La fortuna y el arte.


La Fortuna es una diosa reiteradamente representada en la pintura. Aparece a veces alada, con los ojos vendados y todos los signos de la inconstancia y la incertidumbre. Es caprichosa e imprevisible. Puede darle por cualquier cosa. Por coleccionar obras de arte, por ejemplo, una dedicación que exige estar en posesión de una unorma fortuna, de ser un predilecto de la Fortuna. Es el caso de Juan Abelló, empresario y financiero de gran éxito que anduvo una temporada en negocios con Mario Conde, pero supo mantenerse a este lado de la ley.

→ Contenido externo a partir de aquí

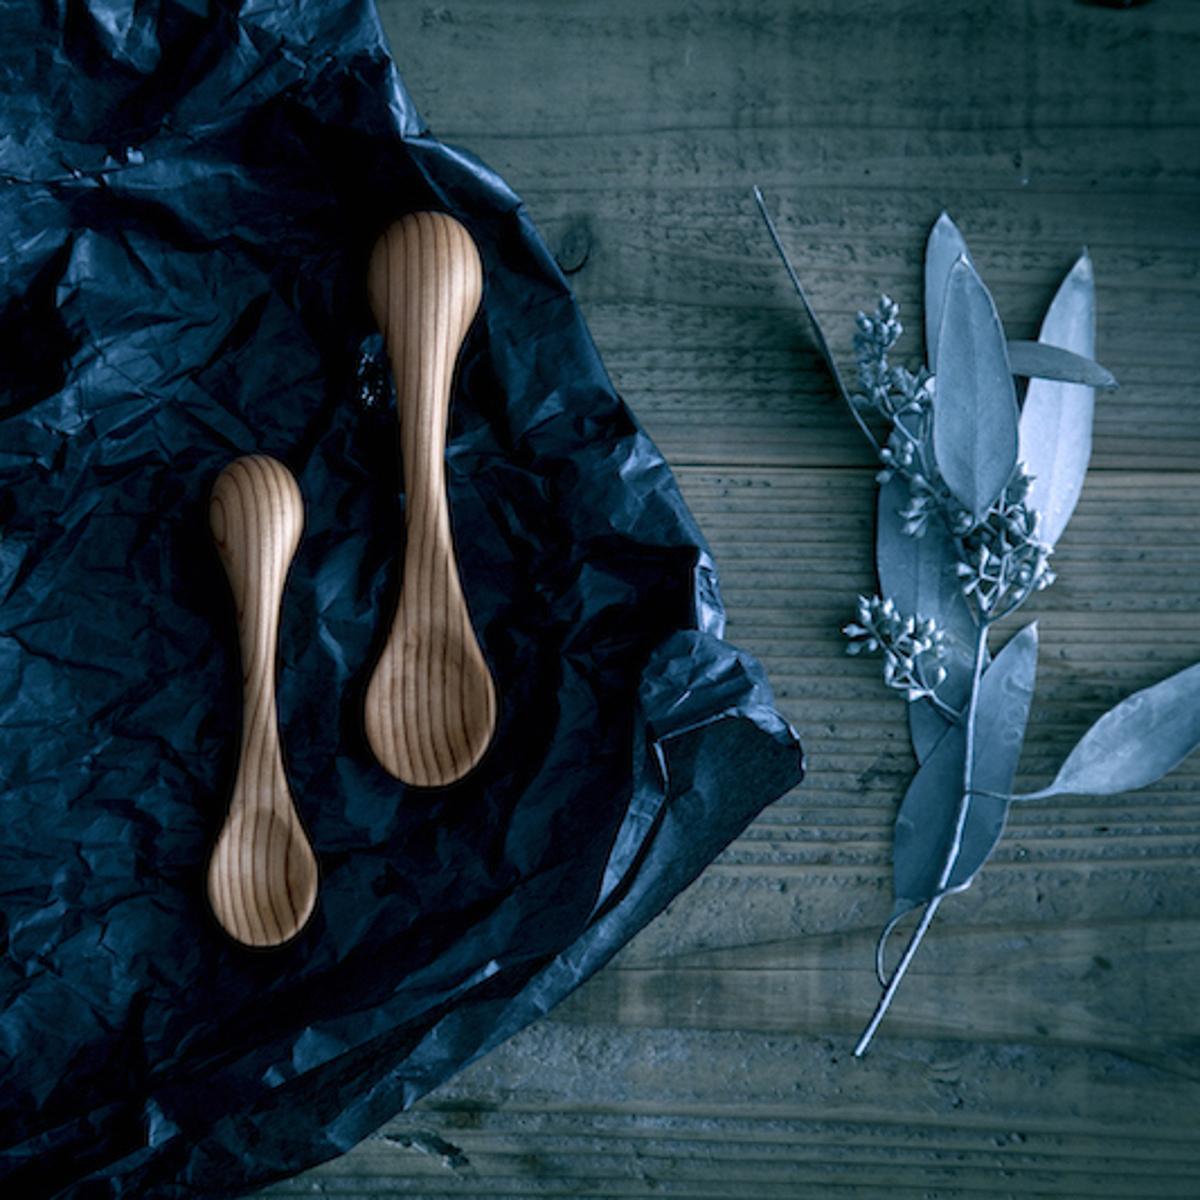 """ゾウさんが教えてくれる「箸の持ち方」 0~2歳向け・食べるたびに自然と「箸の持ち方」を練習できる""""ゾウさん""""の木製スプーン Elephant Spoon For Baby"""

Y uno de los puntos más llamativos de su abigarrada biografía es el de ser poseedor de una colección de quinientas obras arte, generalmente pintura, de incalculable valor. Parece que en ello ha sido decisiva la influencia de su esposa, Anna Gamazo Hohenlohe.

En exposición en el CentroCentro del Ayuntamiento de Madrid hay 160 piezas de la colección y es una visita fascinante. Se trata de una muestra de coleccionismo en estado puro. La selección de las piezas no se ha hecho por razones temáticas, no es de paisajes, retratos o bodegones, ni de técnicas, aunque haya un cuantioso acopio de dibujos. La selección se ha hecho con un criterio puramente cronológico, con la intención de que se vea una o más muestras de todos los estilos y temas de la pintura desde el gótico internacional al arte de hoy, de Rothko o Bacon. Es un viaje a través de la pintura occidental de todos los países desde el siglo XV a hoy. No hay nada de pintura oriental y no europea salvo eso, algún Rothko. Un viaje por obras poco vistas porque pertenecen a una colección privada de alguien que ha tenido la fortuna de comprar obras de arte y el juicio y el gusto de escoger piezas representativas. Hay muchísimas ausencias, por descontado pero las presencias superan con mucho la mayor parte de las colecciones privadas.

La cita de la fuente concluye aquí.